Recent Interruptions Help Contain Declines In The Oil Market
Even with a more controlled perception of risk, JPMorgan believes that recent interruptions in production have helped sustain oil prices above what is considered fair value. Among the main factors are production issues in Kazakhstan and interruptions in the flows of the CPC pipeline, responsible for the export of oil from the region.
Another relevant element was the slowdown in the growth rate of visible global inventories, which fell to 0.7 million barrels per day in the last two weeks, down from 1.7 million in the previous four weeks. This movement helped reduce selling pressure and limit new declines in the market.
Weak Demand Limits Stronger Advances In Oil
Despite the recent support, analysts warn that structural factors continue to limit more consistent appreciation of oil. Weaker seasonal demand and the existence of a broader surplus in the global market reduce the space for new significant highs.
According to JPMorgan, prices are not expected to fall significantly, but there are also no solid fundamentals for a prolonged surge, even with tensions involving Trump, Iran, and global supply.

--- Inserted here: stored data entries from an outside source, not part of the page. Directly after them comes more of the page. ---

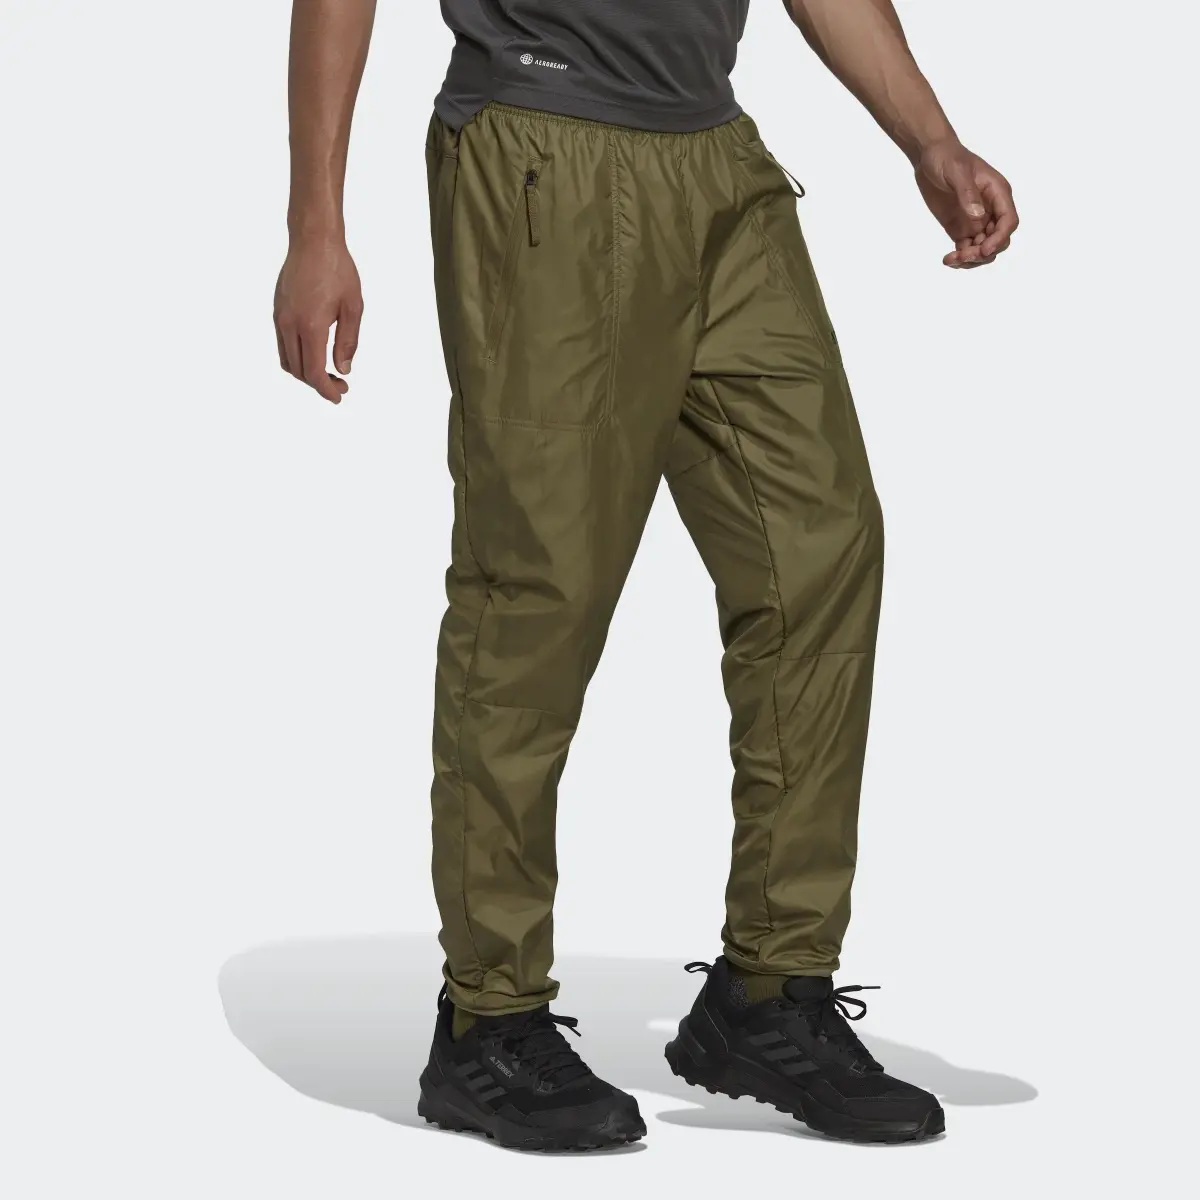 Adidas Multi Primegreen Windfleece Pants. 3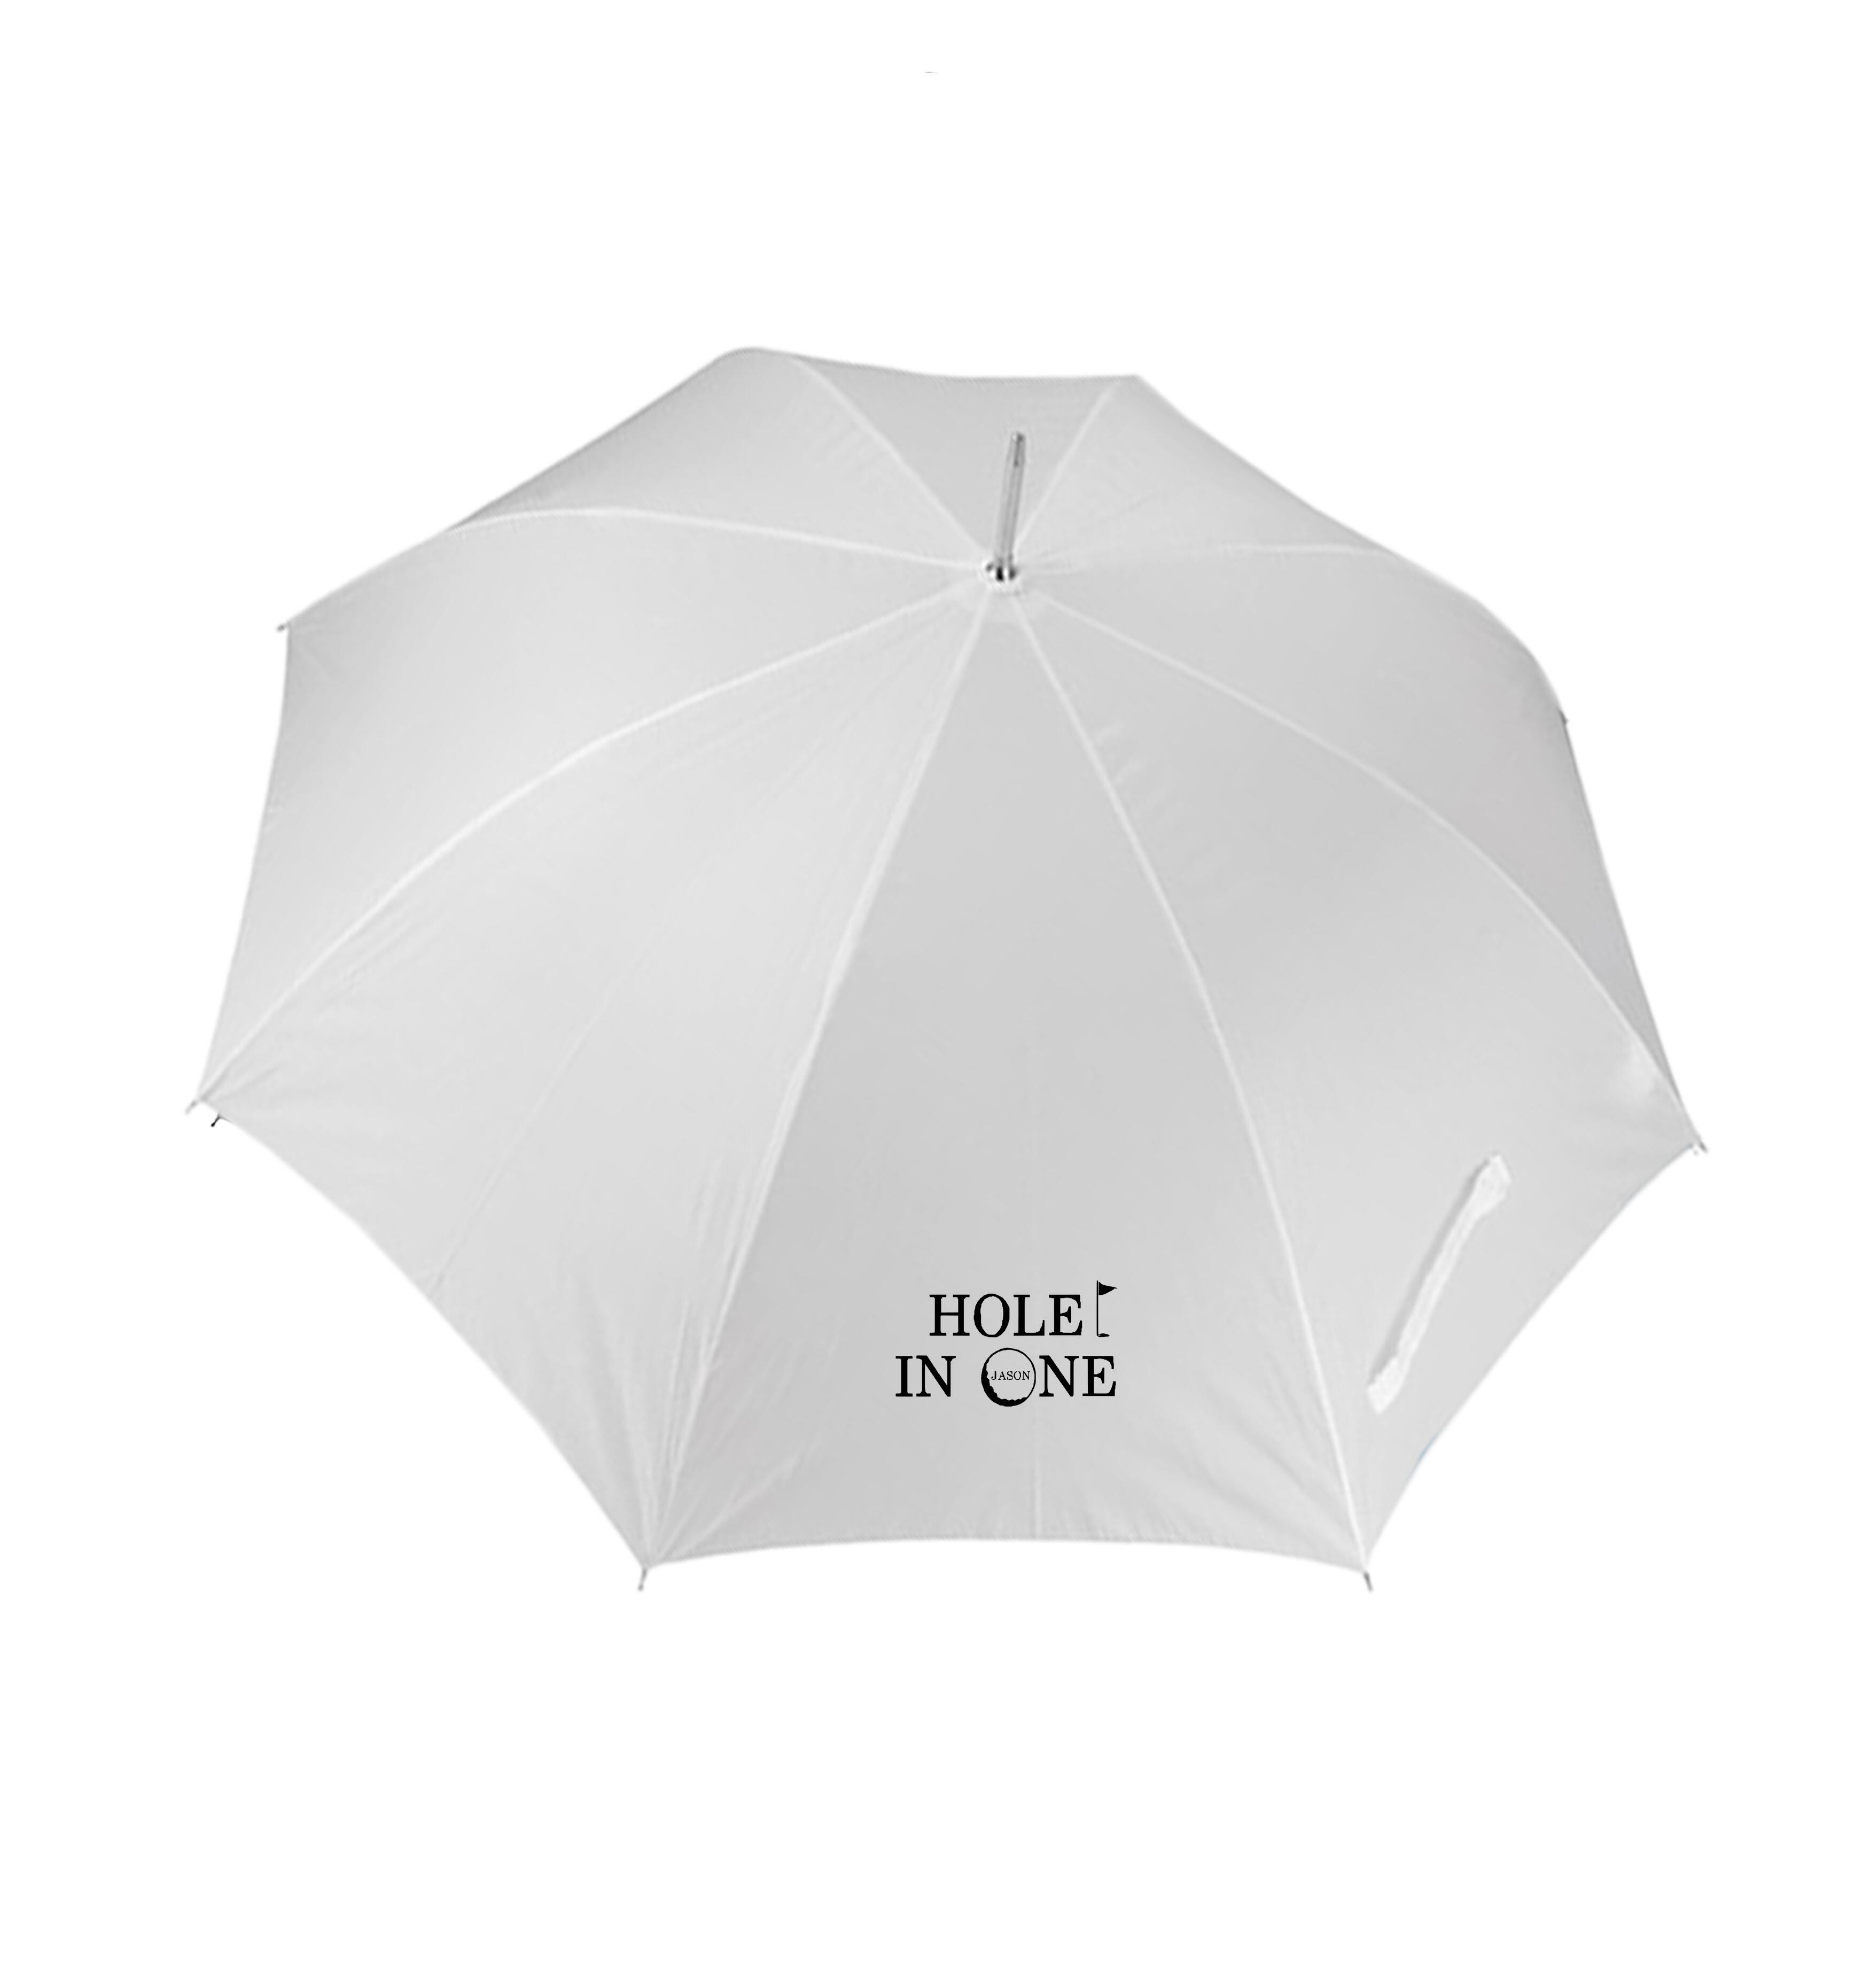 Hole in 1 Design Large Golf Umbrella White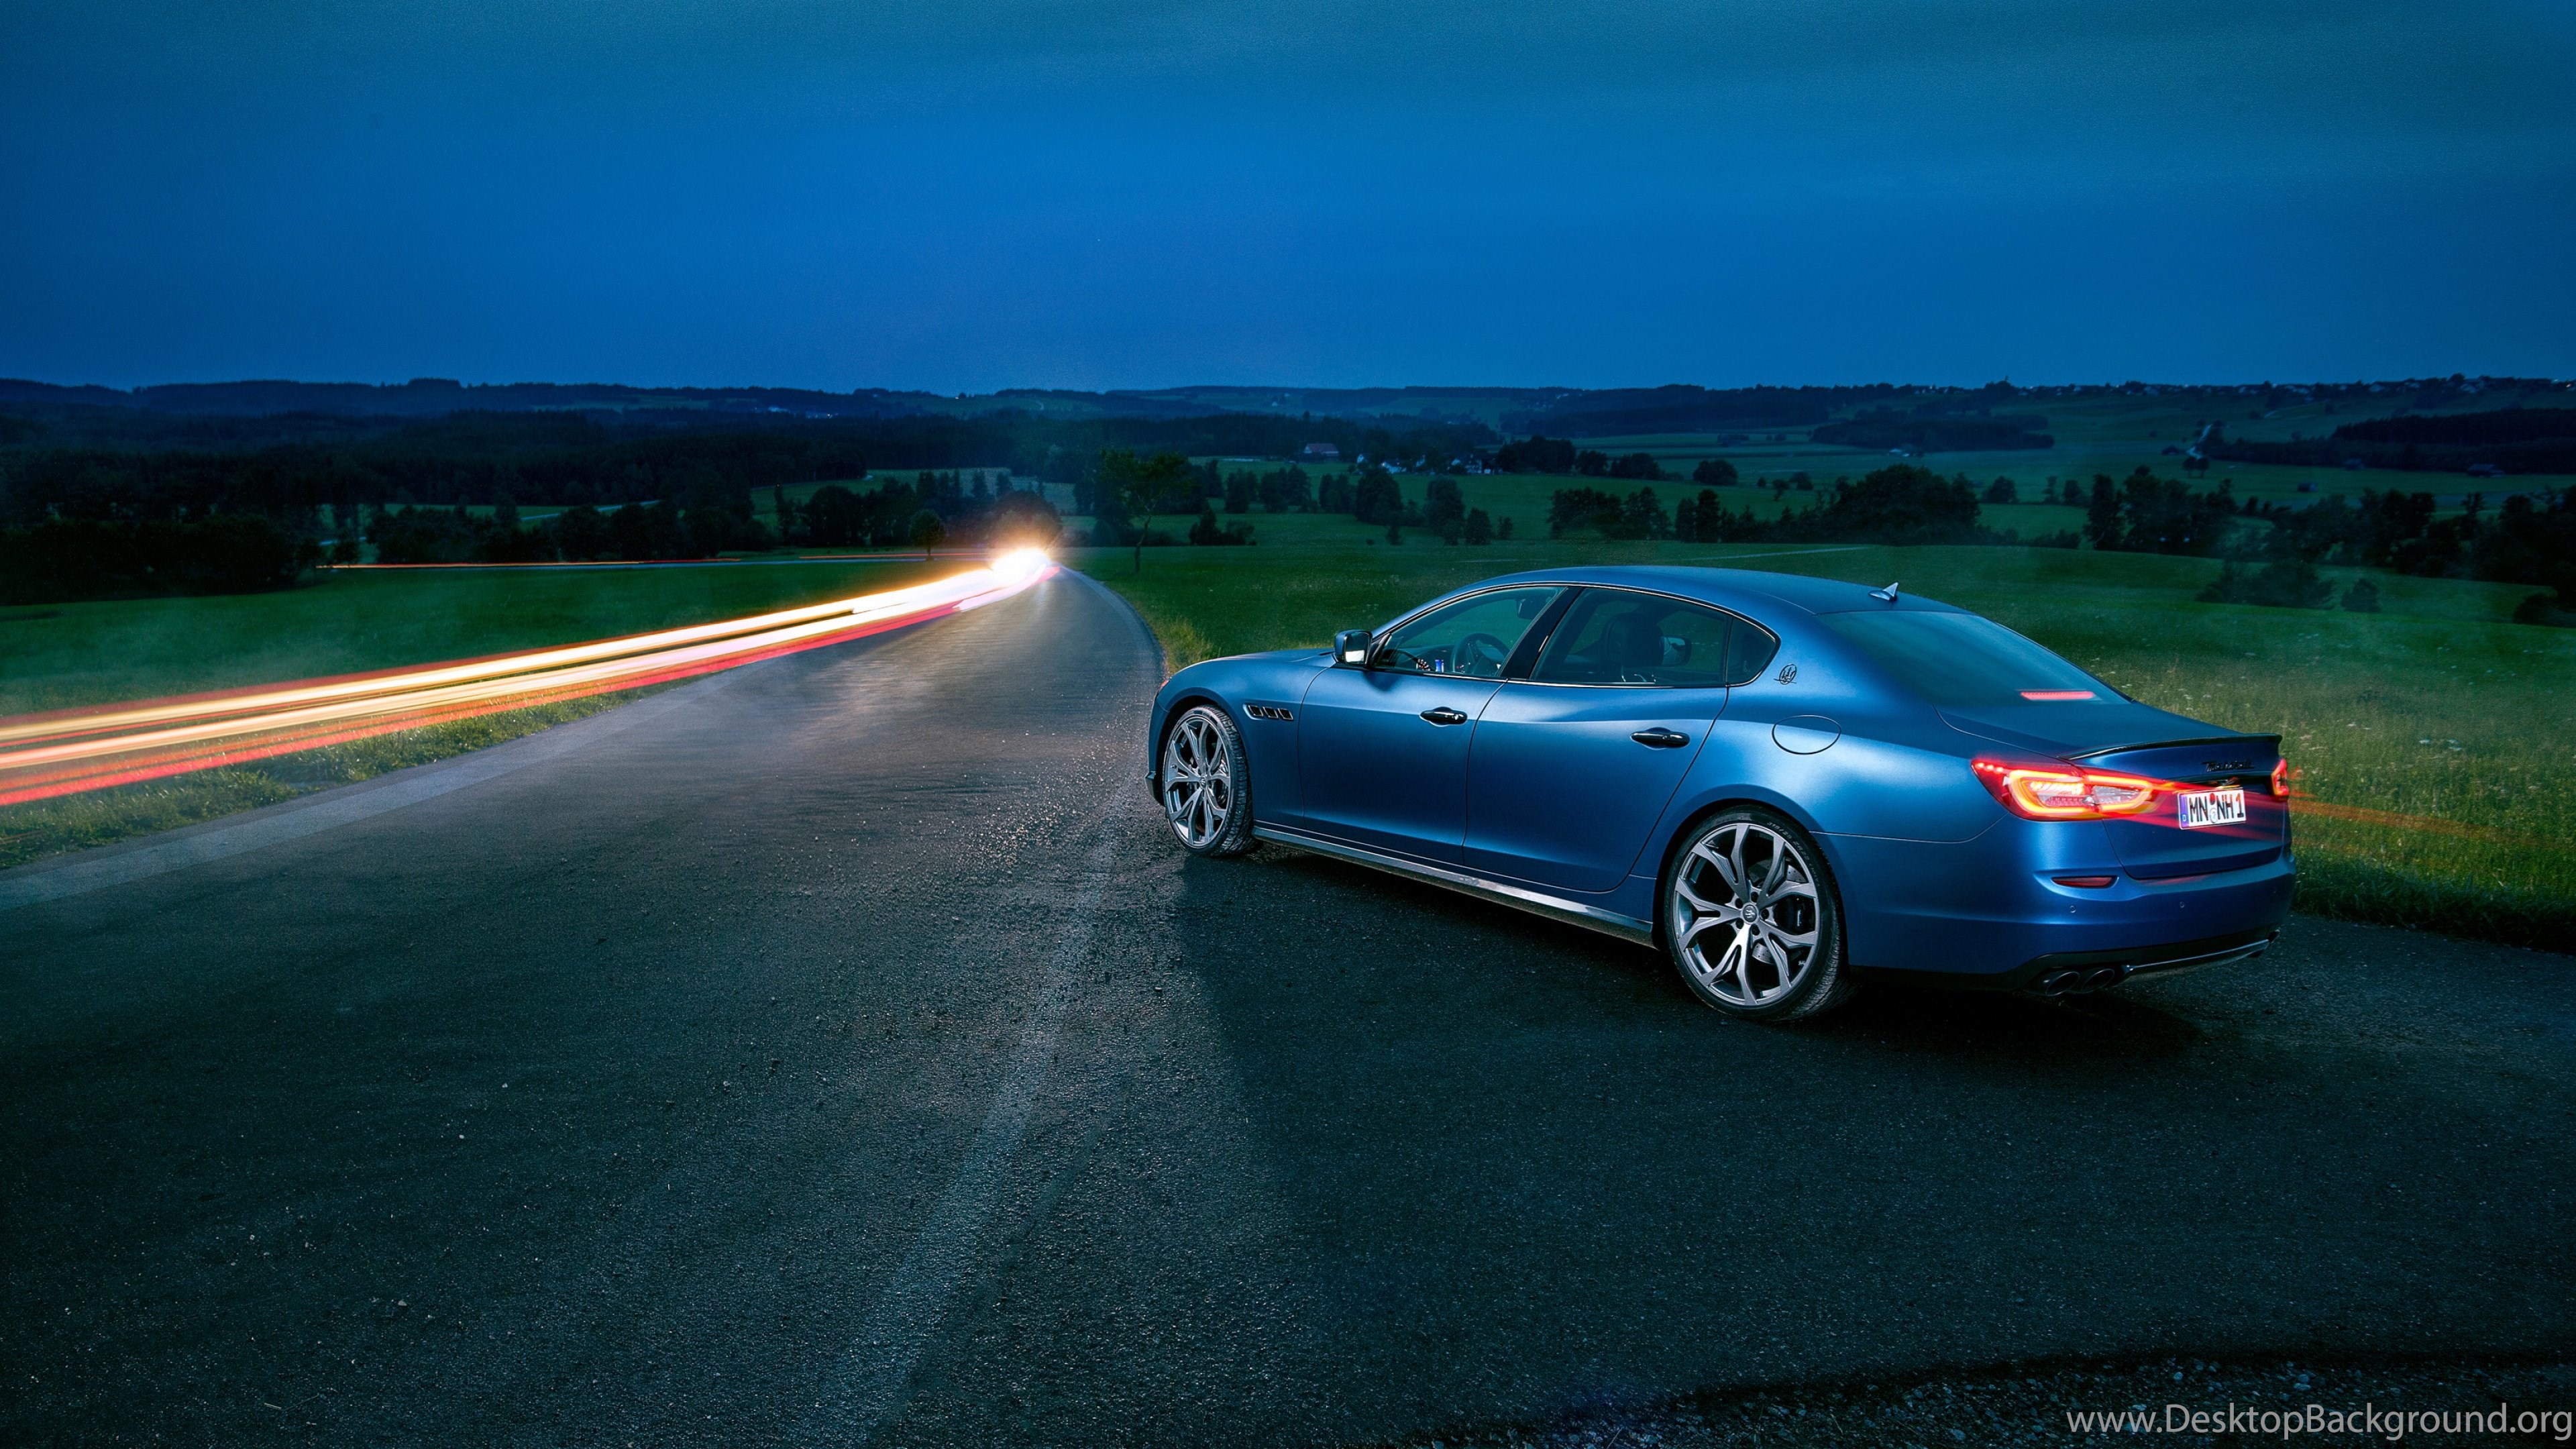 Автомобиль ночью на дороге. Maserati Quattroporte синий. Maserati Quattroporte обои. Машина ночью. Машина на дороге.

Oil Remains Sensitive To Geopolitics And Attentive To Upcoming Movements
The market’s reaction on January 23, 2026 reinforces how oil remains highly sensitive to geopolitical events, especially when involving Trump and Iran, two central actors in the debate on energy security. The rise was sufficient to interrupt a streak of market declines, boost sector stocks, and reignite the debate on risks to global supply.
Still, the prevailing scenario among analysts is one of caution. The market acknowledges the short-term support but maintains moderate expectations for the medium term, given controlled demand and geopolitical risks that, for now, remain in the realm of statements.